Cada um tem seu fetiche em relacionamentos. Uns gostam de imaginar que jamais se comprometerão, de modo algum, com outra pessoa. Outros preferem acreditar que o amor precisa ser infinito enquanto durar. E há aqueles que adoram usar a expressão para sempre. Ou sou apenas eu? Desde a vida inteira, adorei pensar que certas pessoas fariam parte da minha história para sempre. Amigos, namorados, parceiros profissionais, enfim, pessoas a quem me afeiçoei de um modo especial. Por alguma razão, precisava acreditar que eles, bons demais para serem de verdade, estariam lá do meu lado o tempo todo. Claro. Coração partido mil vezes. Porque algumas dessas pessoas estiveram comigo de passagem. Ou, por outras palavras, não vieram para ficar. Com o tempo, devo ser sincera, fiquei com medo de dizer para sempre. Parecia que bastava falar, para evaporarem as pessoas que importavam realmente. O tempo passou. Tanta coisa mudou. E, como era de se esperar, aprendi que os relacionamentos verdadeiramente especiais escapam das qualificações. Existem pessoas que, definitivamente, vieram para ficar - e a compreensão desse fato traz um calor tão gostoso para o coração que dizer para sempre perde todo significado e sentido.



:: postado por Menina de 30 #3:50 PM


Domingo, Julho 03, 2005

RAPIDITAS



Dez anos depois, férias escolares voltam a adquirir um significado muito especial. A vida é engraçada.
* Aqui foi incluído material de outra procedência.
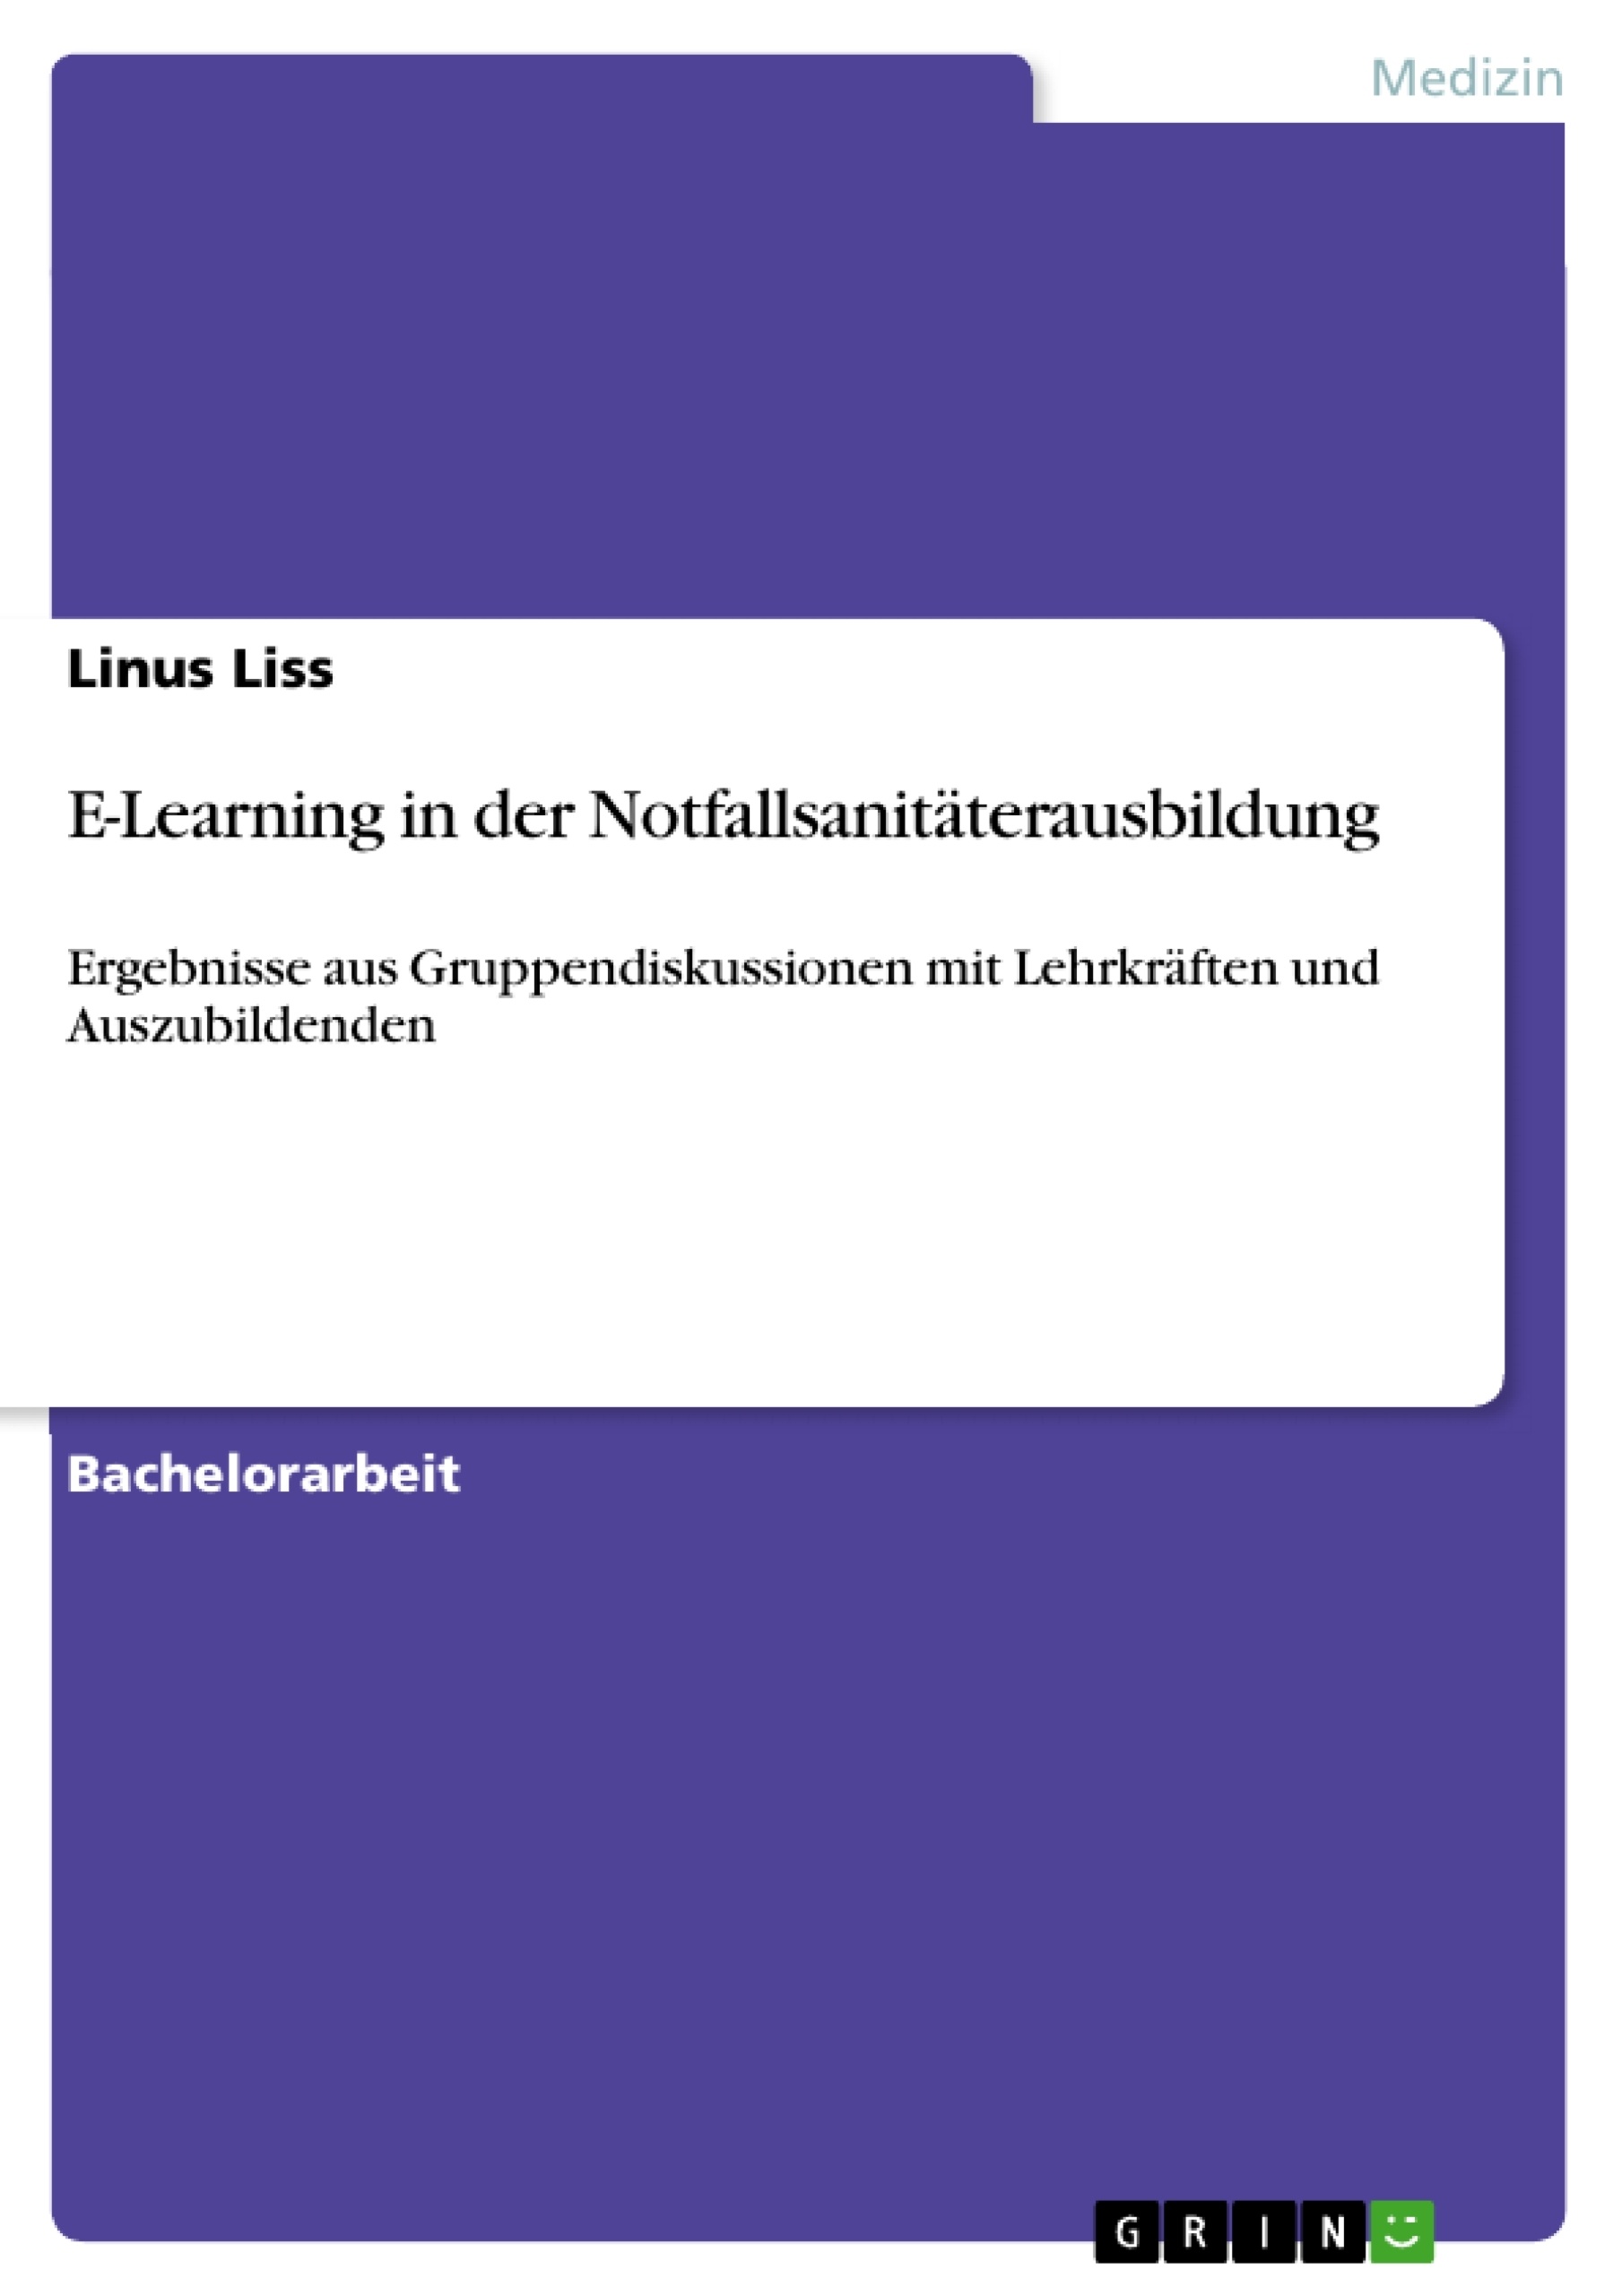 Título: E-Learning in der Notfallsanitäterausbildung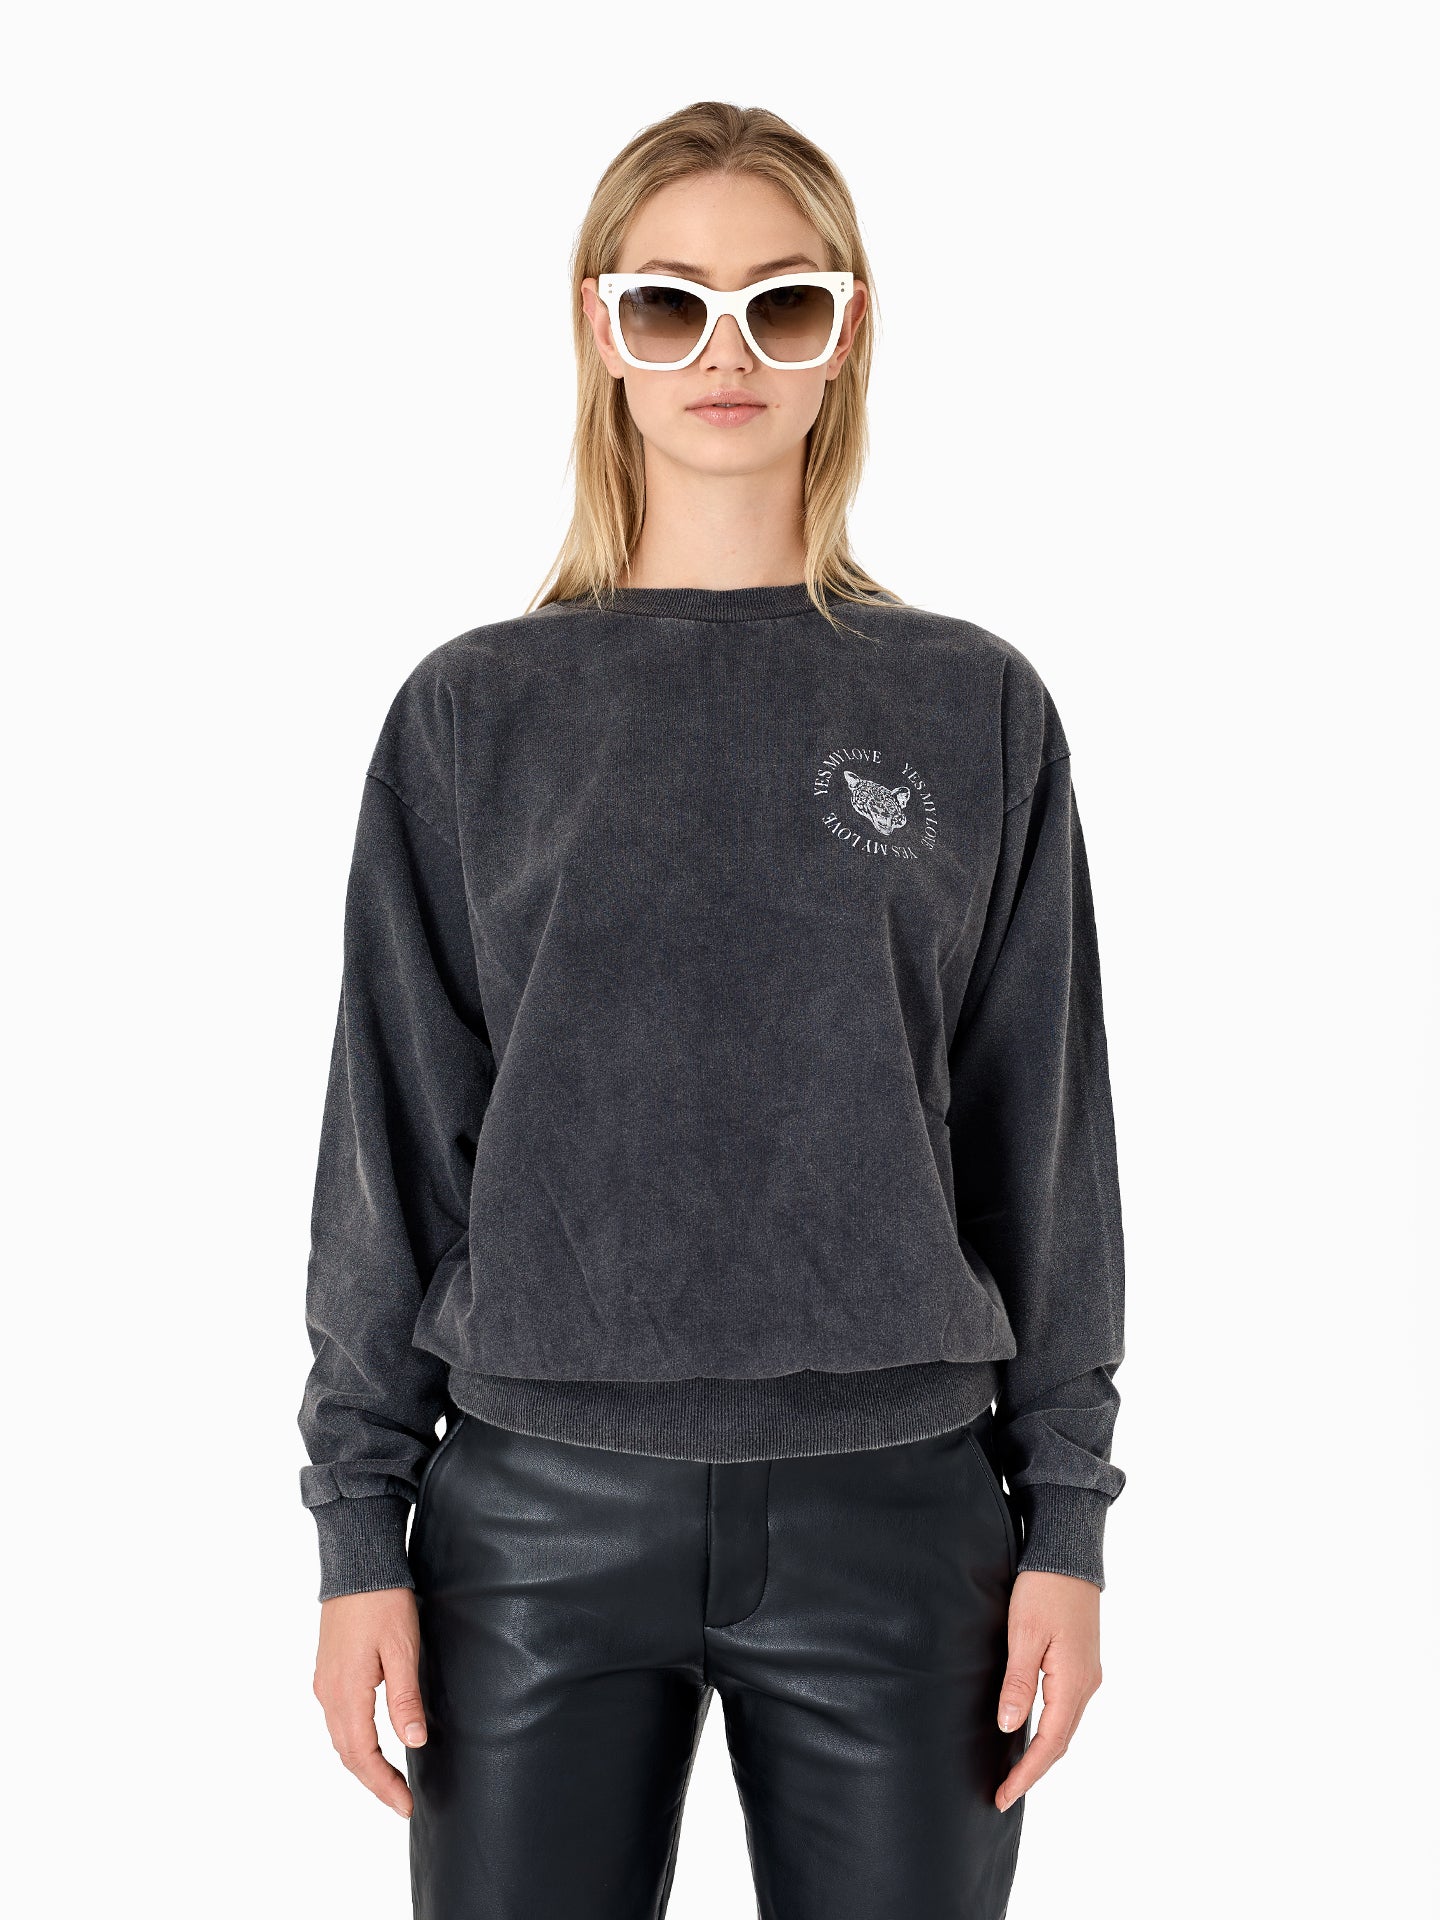 Leohead Sweater - Vintage Black

Uma foto especial pode fazer maravilhas pelo humor de uma pessoa. Ainda mais quando colocada como papel de parede do monitor de trabalho. Ainda mais quando, num momento de inspiração, você manda para outra pessoa, esperando fazê-la enxergar o que todos viram no diabo da foto.

Nada como uma criança (ops, melhor chamar de pré-adolescente, para ela não ficar revoltada) para inspirar ternura infinita no coração de uma tia coruja.

Depois de meia hora de abdominais na sexta (até agora está doendo tossir), fui conhecer uma chocolateria sensacional no domingo (mais um antro da perdição gulosística). A vida pode parecer intrigantemente sem sentido.

O plano é fazer, dessa semana, um período de limpeza cármica, para começar com pé direito planos importantíssimos. Muita força de vontade nessa hora.

Faltam 20 dias para o meu aniversário. Sinceramente, os 31 anos estão mexendo comigo mais do que imaginei.

O menino do dedo verde diz que eu tenho dificuldade para mostrar doçura. Pois eu acho que certas atitudes minhas seriam suficientes para matar de ataque fulminante qualquer diabético. Tudo é uma questão de perspectiva, no fim.

Devo admitir (com um puta medo de depois precisar me arrepender) que esse inferno astral está sendo até tranquilo, viu?